Democracy and Majority Rule
Were such decisions made in the political arena, most of us would deem it tyranny. Why isn’t it also tyranny for the democratic process to mandate what type of light bulbs we use, how many gallons of water to flush toilets or whether money should be taken out of our paycheck for retirement?
The founders of our nation held a deep abhorrence for democracy and majority rule. In Federalist Paper No. 10, James Madison wrote, “Measures are too often decided, not according to the rules of justice and the rights of the minor party, but by the superior force of an interested and overbearing majority.” John Adams predicted, “Remember, democracy never lasts long. It soon wastes, exhausts, and murders itself. There was never a democracy yet that did not commit suicide.”
Our founders intended for us to have a republican form of limited government where the protection of individual God-given rights was the primary job of government.

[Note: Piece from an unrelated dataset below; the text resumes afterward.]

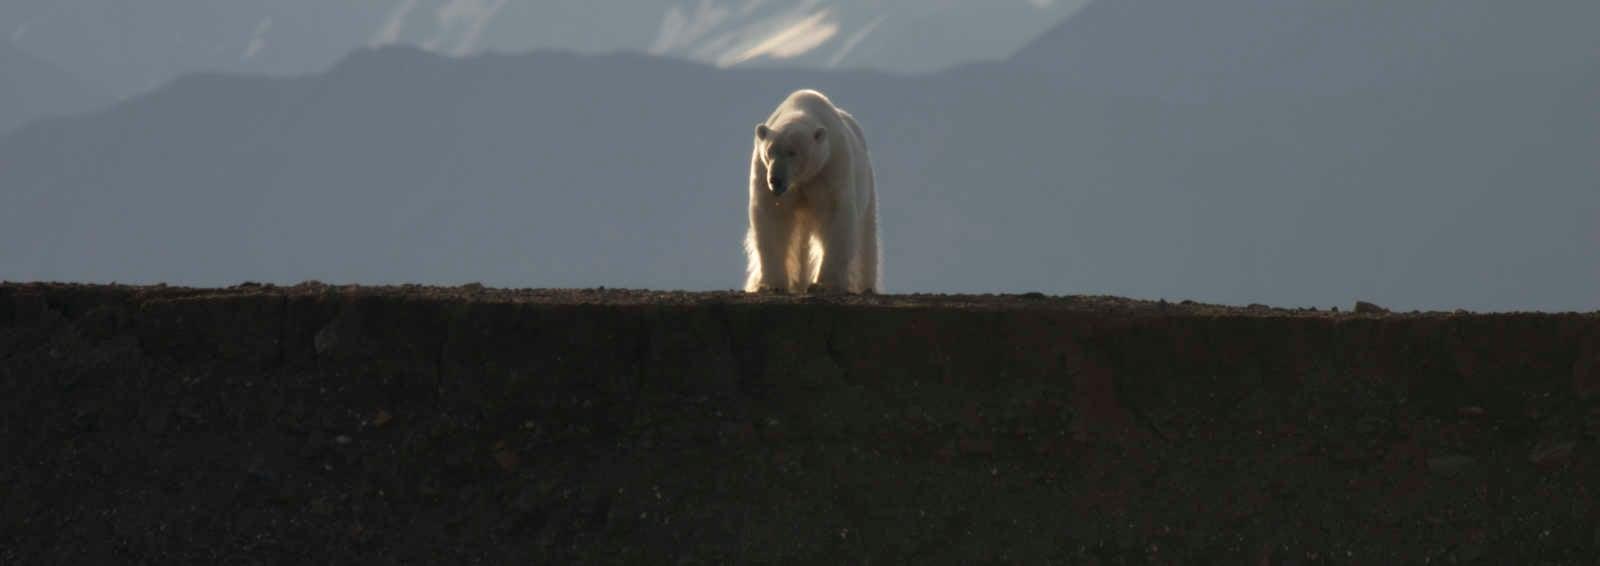 Polar bear, Spitsbergen (Svalbard), Norway

Alert to the dangers of majoritarian tyranny, the Constitution’s framers inserted several anti-majority rules. One such rule is that election of the president is not decided by a majority vote but instead by the Electoral College. Nine states have over 50 percent of the U.S. population. If a simple majority were the rule, conceivably these nine states could determine the presidency. Fortunately, they can’t because they have only 225 Electoral College votes when 270 of the 538 total are needed. Were it not for the Electoral College, that some politicians say is antiquated and would like to do away with, presidential candidates could safely ignore the less populous states.
Part of the reason our founders created two houses of Congress was to have another obstacle to majority rule. Fifty-one senators can block the designs of 435 representatives and 49 senators. The Constitution gives the president a veto to weaken the power of 535 members of both houses of Congress. It takes two-thirds of both houses of Congress to override a presidential veto.

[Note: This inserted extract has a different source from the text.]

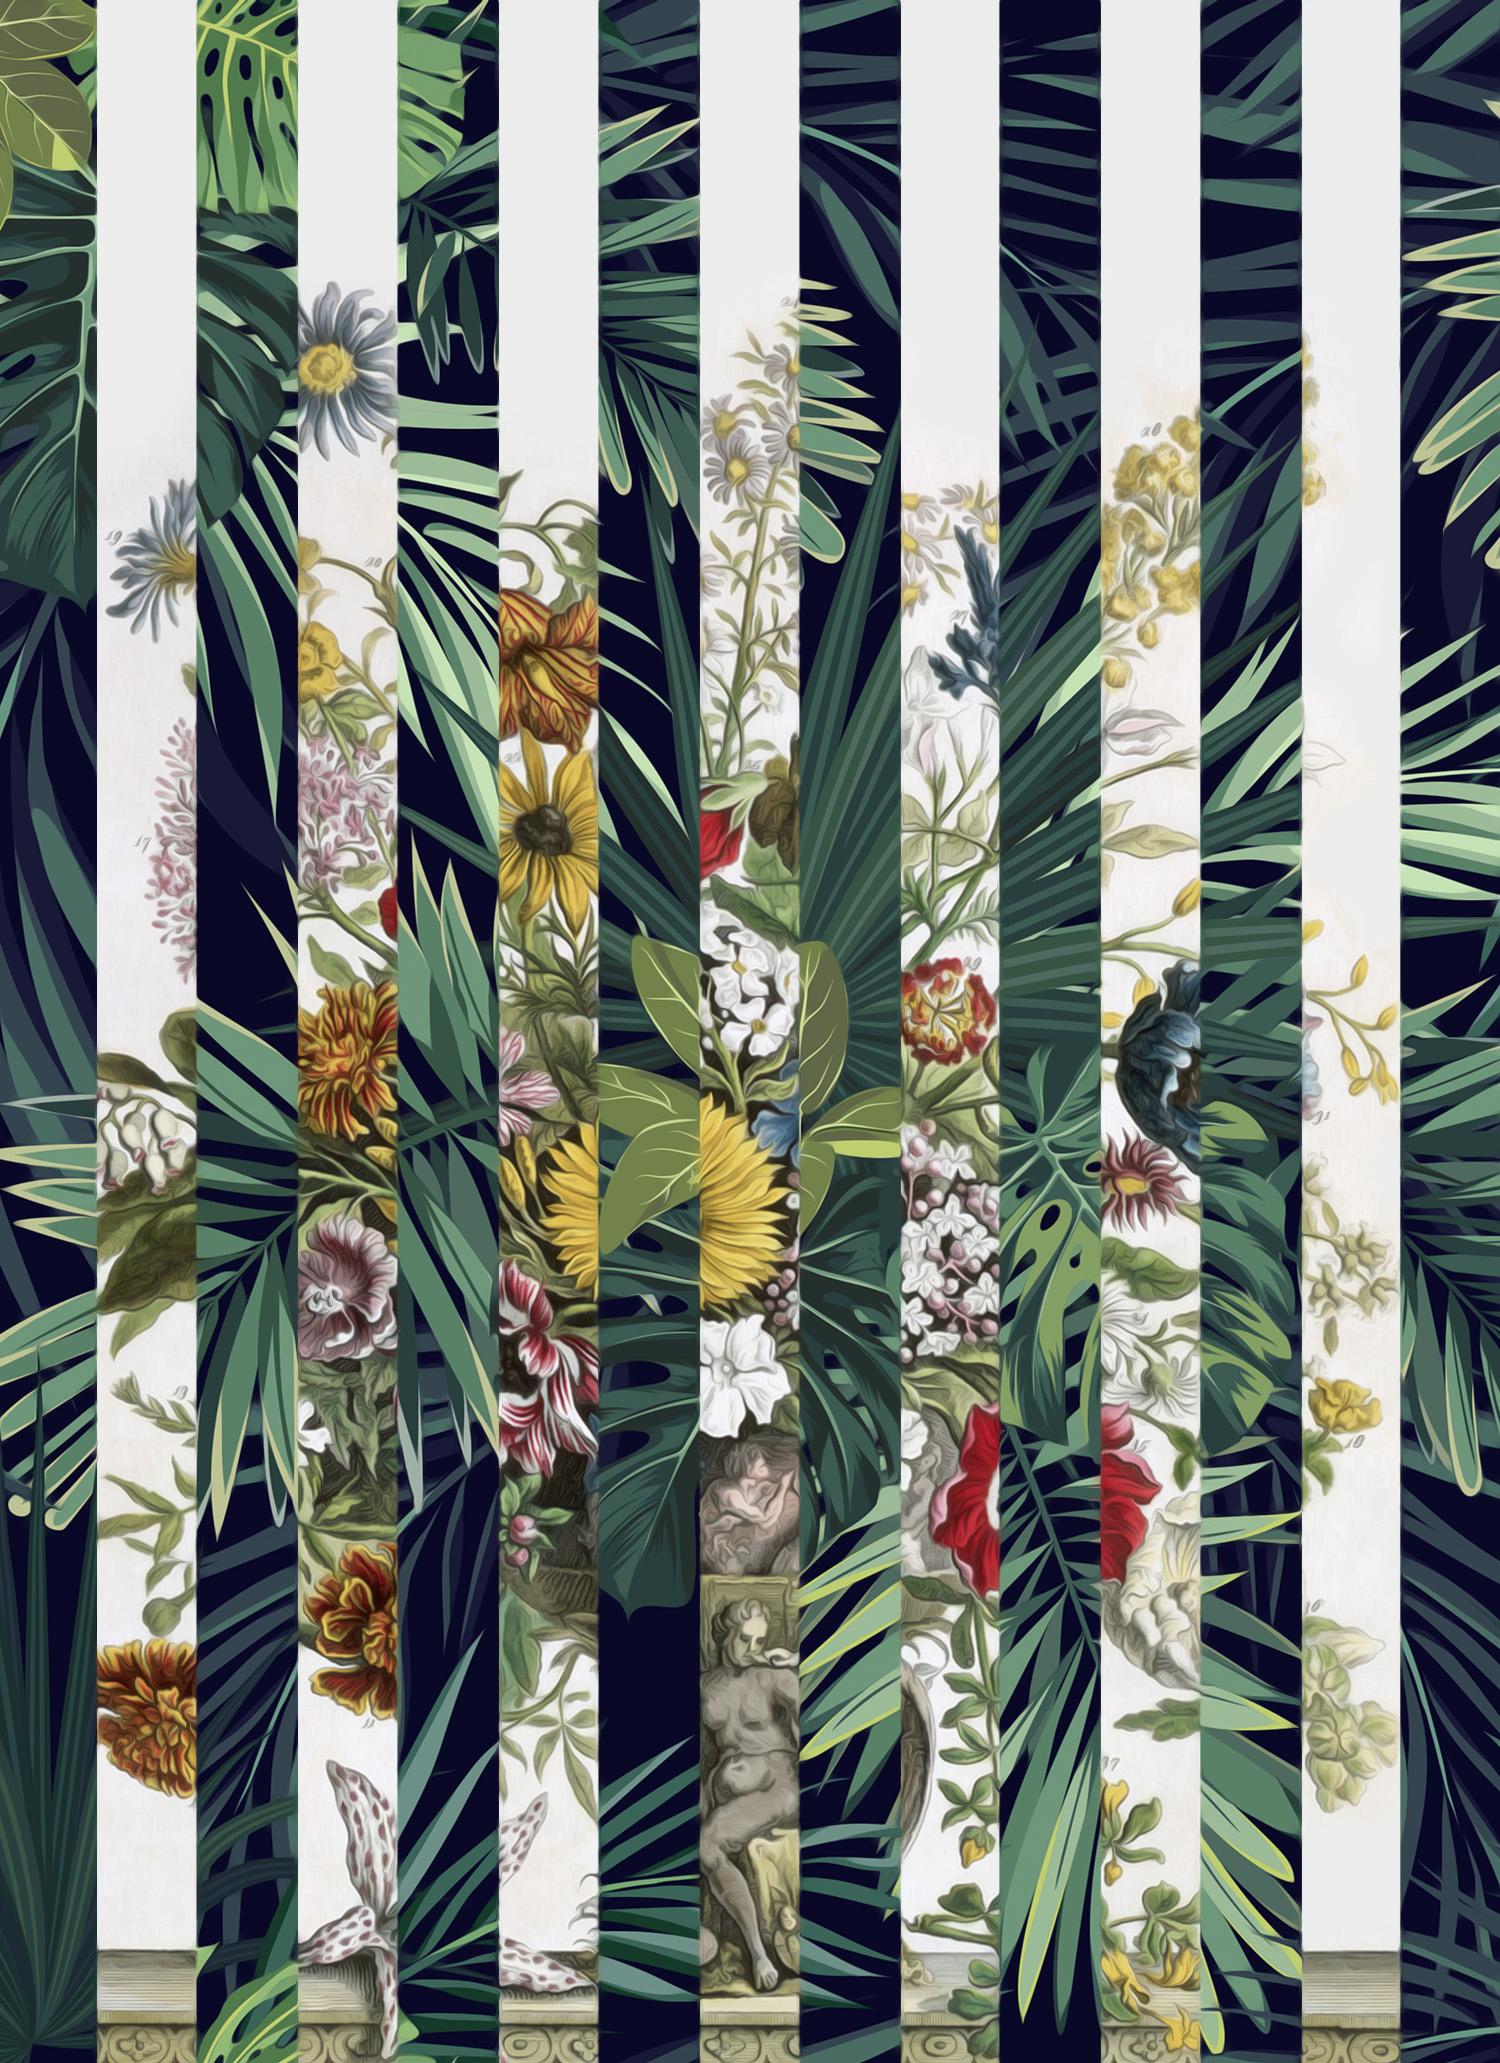 Plants Untitled 2 by Dan Alva

To change the constitution requires not a majority but a two-thirds vote of both Houses to propose an amendment, and to be enacted requires ratification by three-fourths of state legislatures. The Constitution’s Article V empowers two-thirds of state legislatures to call for a constitutional convention to propose amendments that become law when ratified by three-fourths of state legislatures.

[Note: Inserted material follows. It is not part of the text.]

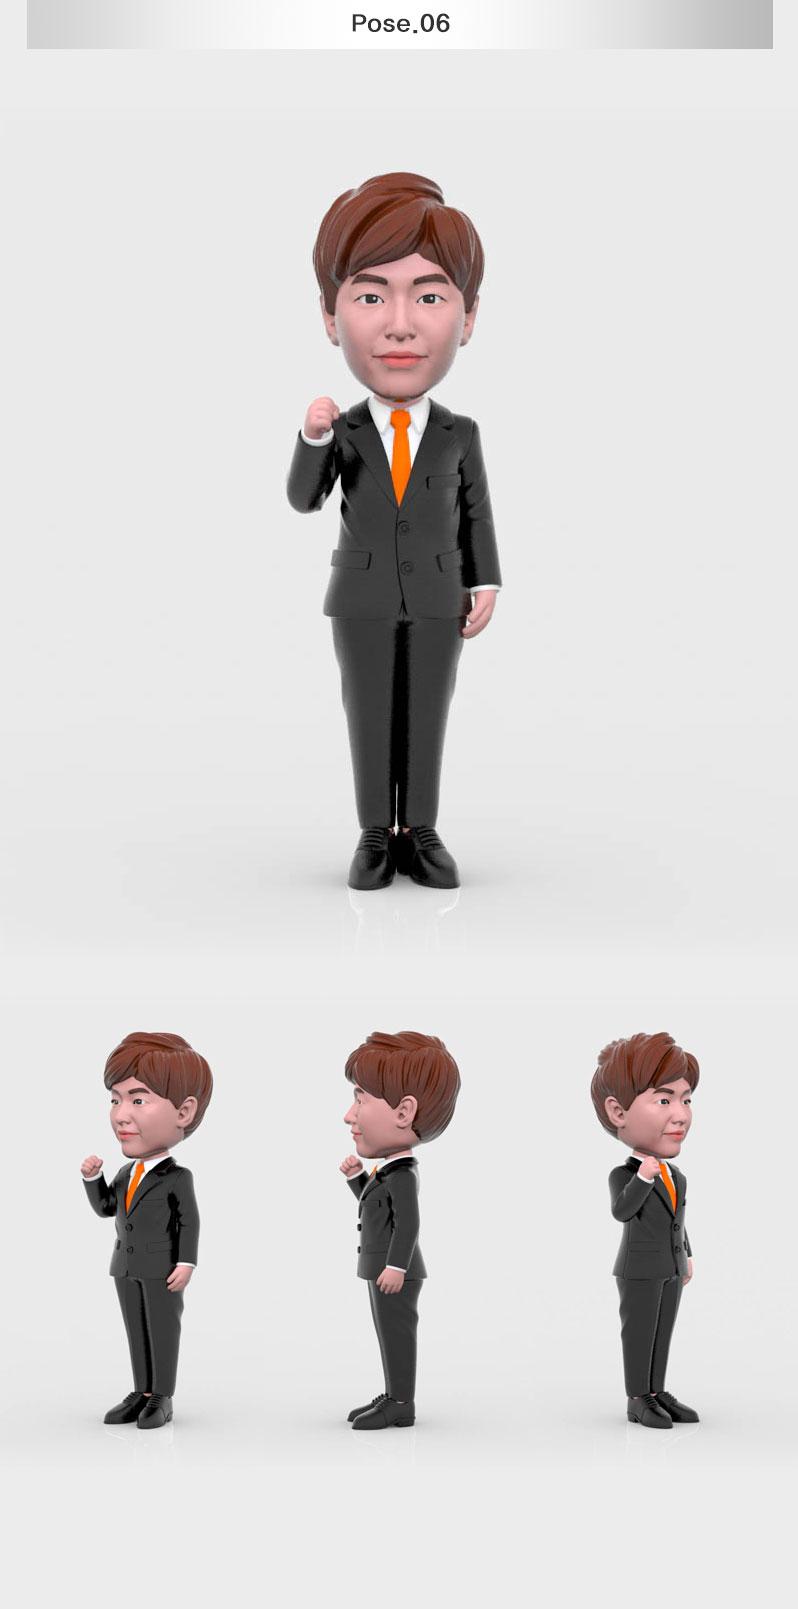 suit_pose06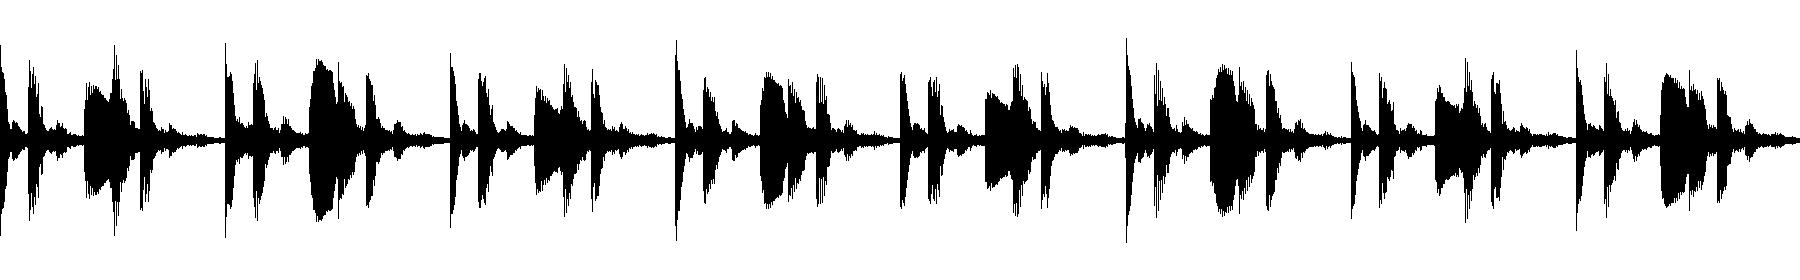 dts chordlp 25b cm wet

I used to be for this option as a means of enacting a spending limitation amendment to the Constitution but have since reconsidered. Unlike the 1787 convention attended by men of high stature such as James Madison, Thomas Jefferson, George Washington and John Adams, today’s attendees would be moral midgets: the likes of Barney Frank, Chris Dodd, Olympia Snowe and Nancy Pelosi.
In addition to an abhorrence of democracy, and the recognition that government posed the gravest threat to liberty, our founders harbored a deep distrust and suspicion of Congress. This suspicion and distrust is exemplified by the phraseology used throughout the Constitution, particularly our Bill of Rights, containing phrases such as Congress shall not: abridge, infringe, deny, disparage or violate.
Today’s Americans think Congress has the constitutional authority to do anything upon which they can get a majority vote. We think whether a particular measure is a good idea or bad idea should determine passage as opposed to whether that measure lies within the enumerated powers granted Congress by the Constitution. Unfortunately, for the future of our nation, Congress has successfully exploited American constitutional ignorance or contempt.